The athletes who have all made us proud have been congratulated in print and in the electronic media. Their images and names have been splashed across exercise books, newspapers, armbands, clothes and everything in between, and more often than not, for sale and without their permission, and with them not reaping any of the profits.
As such, it is an opportune time to examine the intellectual property rights related to this area.
The basic proposition here is that the athletes have an intrinsic right to the exclusive use of their images, identity and likeness. This translates into them being entitled to benefit financially from the commercial use or exploitation of their photographs/likeness and name.
Athletes should be aware of the possibility of their images and names being literally hijacked by others for their own commercial benefit.
The case law suggests that the court is not averse to recognising that a person of some renown or celebrity status has the right to the exclusive use of his image and likeness. So this translates to such a person exploiting his name and image for his own financial gain.
It would be wise for the athletes to immediately proceed to register trademarks under the Trademark Act and to protect themselves and in turn secure future earnings.
The Trademark Act states that a trademark must be capable of graphical representation and must be distinguishable. As such, the face of an athlete along with his name and signature, it is posited, could be registered with sufficient distinguishing features to ensure that it would not be rejected by the Jamaica Intellectual Property Organisation (JIPO).
The athlete should take steps to procure international registration as well, especially in those countries most likely to exploit and make financial gain at the expense of our athletes.
The trademark owner must specify the goods and or services for which registration is sought. Since the Act provides well over 40 classes, athletes/trademark owners should consider registering as many classes as they intend to use in the future to explore potential business opportunities.
After JIPO has accepted the trademark, it is published in the Trade Mark Journal and such publication is deemed as notice to the world. If the trademark is later infringed, the defendant cannot use the defence that he did not know that it was registered and had an owner, the court will look to the publication as sufficient notice.
Of course, since the trademark is property, it can be licensed to third parties. In such cases, as the athlete-trademark owner seeks to capitalise financially on his success, he should consider entering into contractual arrangements for the reproduction of his likeness on to the myriad of goods that are being produced in any event.
As regards the Internet and social media, it is crucial that athletes are alert to possible infringements.

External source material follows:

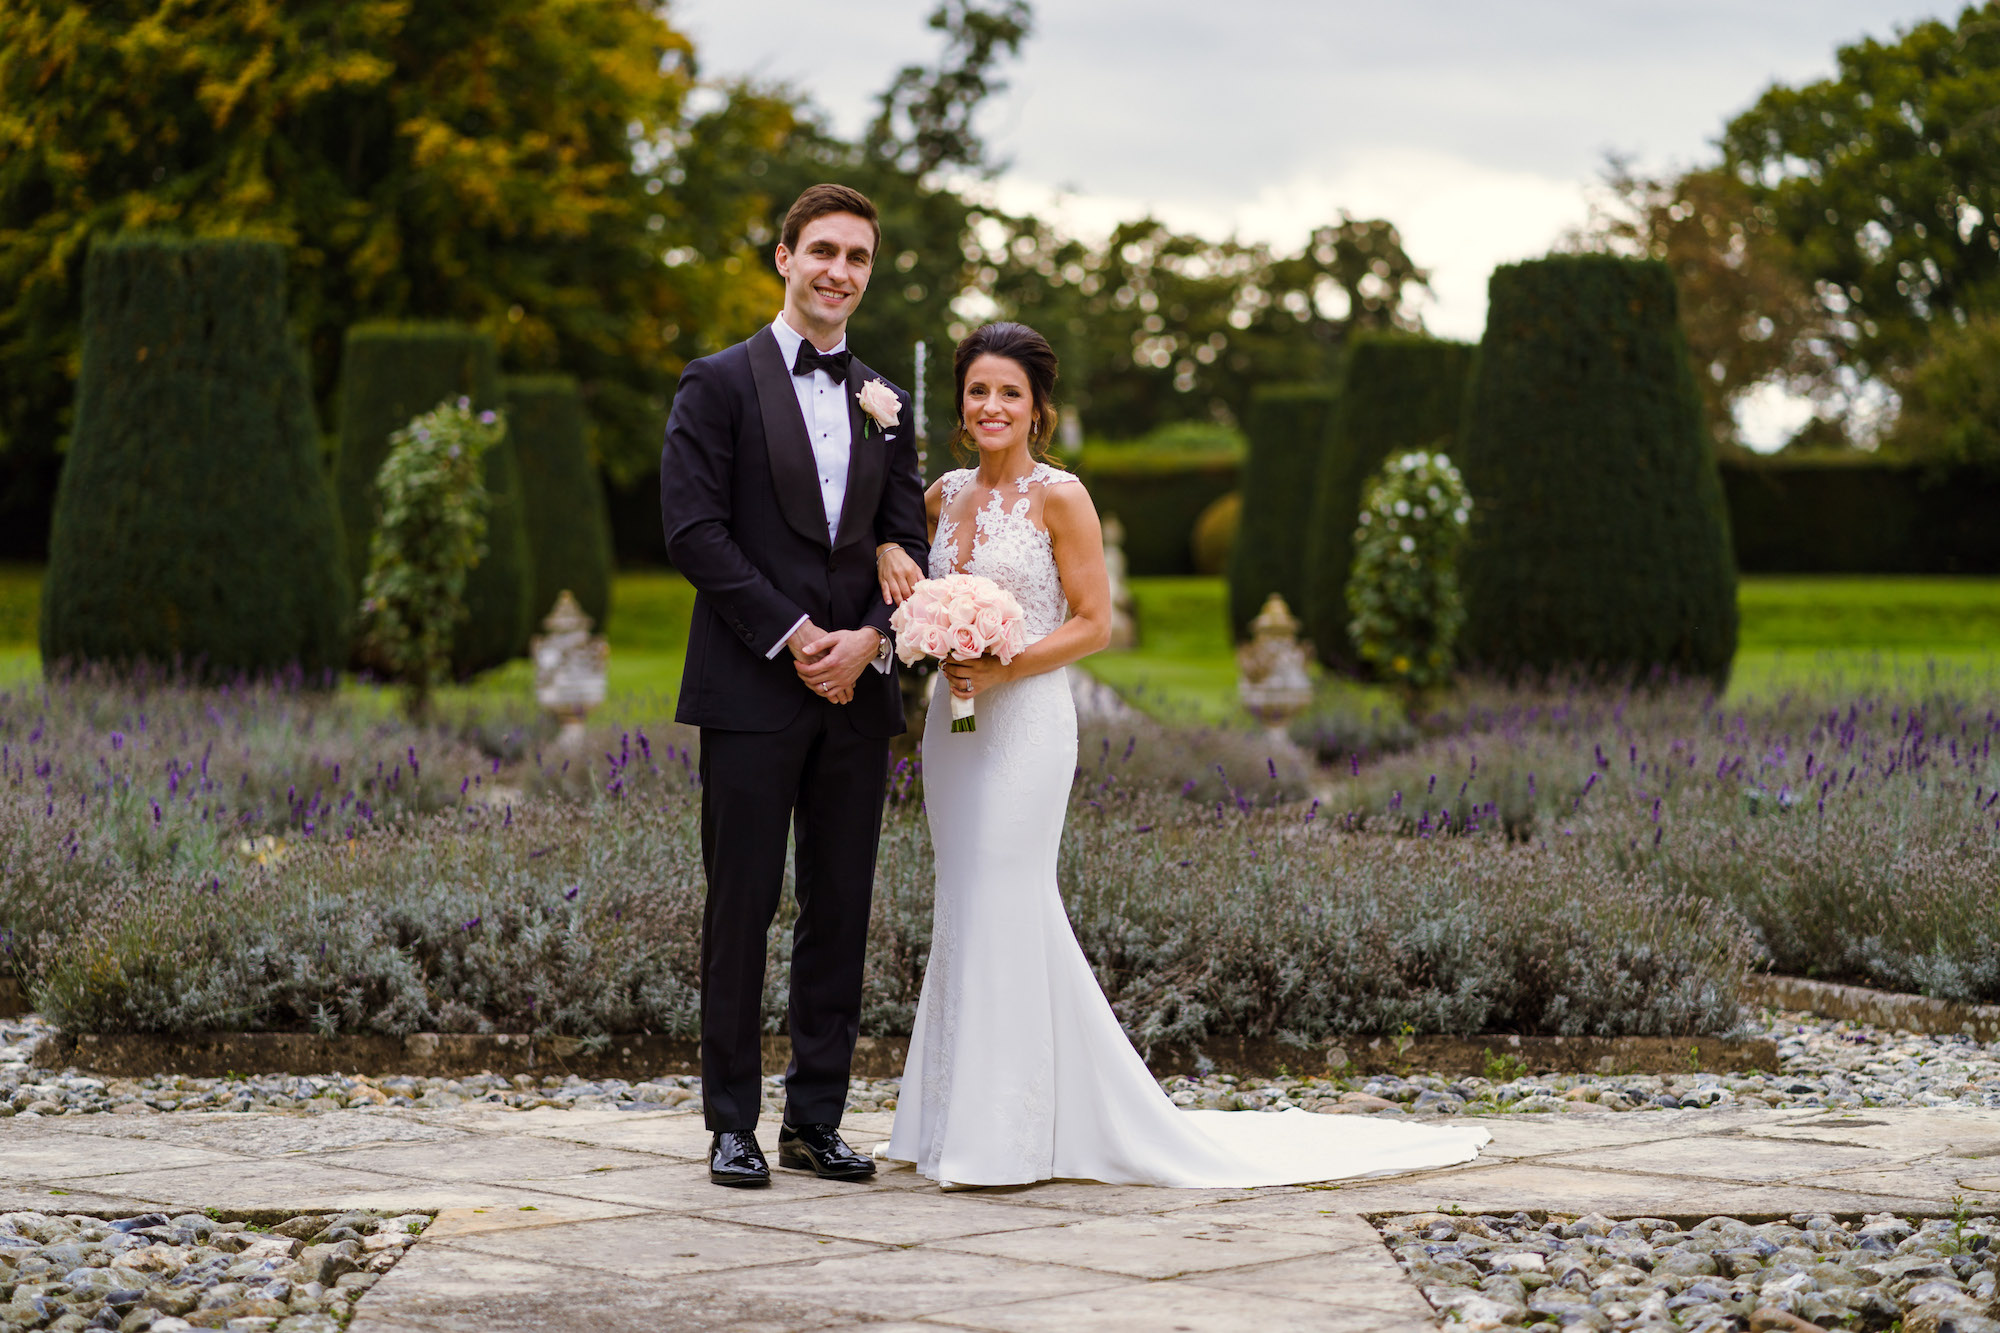 61   Hengrave Hall Wedding   Suffolk Wedding   Lamare London   Luxury Wedding Planner   Jon Mold Photography.jpg

Cyber domain squatting is a serious issue and the athlete-trademark owner should move swiftly to register his domain name using his given names and any nickname before others do.
Otherwise, they may have to go the route of litigation to retrieve their own names from unscrupulous persons trying to profit from their celebrity status.
Pictures of the athletes are available even as they are competing and so, they must be live to any misuse of their images, and literally become their own policing officers.
In short, these athletes must recognise that they are actually brands and use the various laws that are available for their individual brand protection.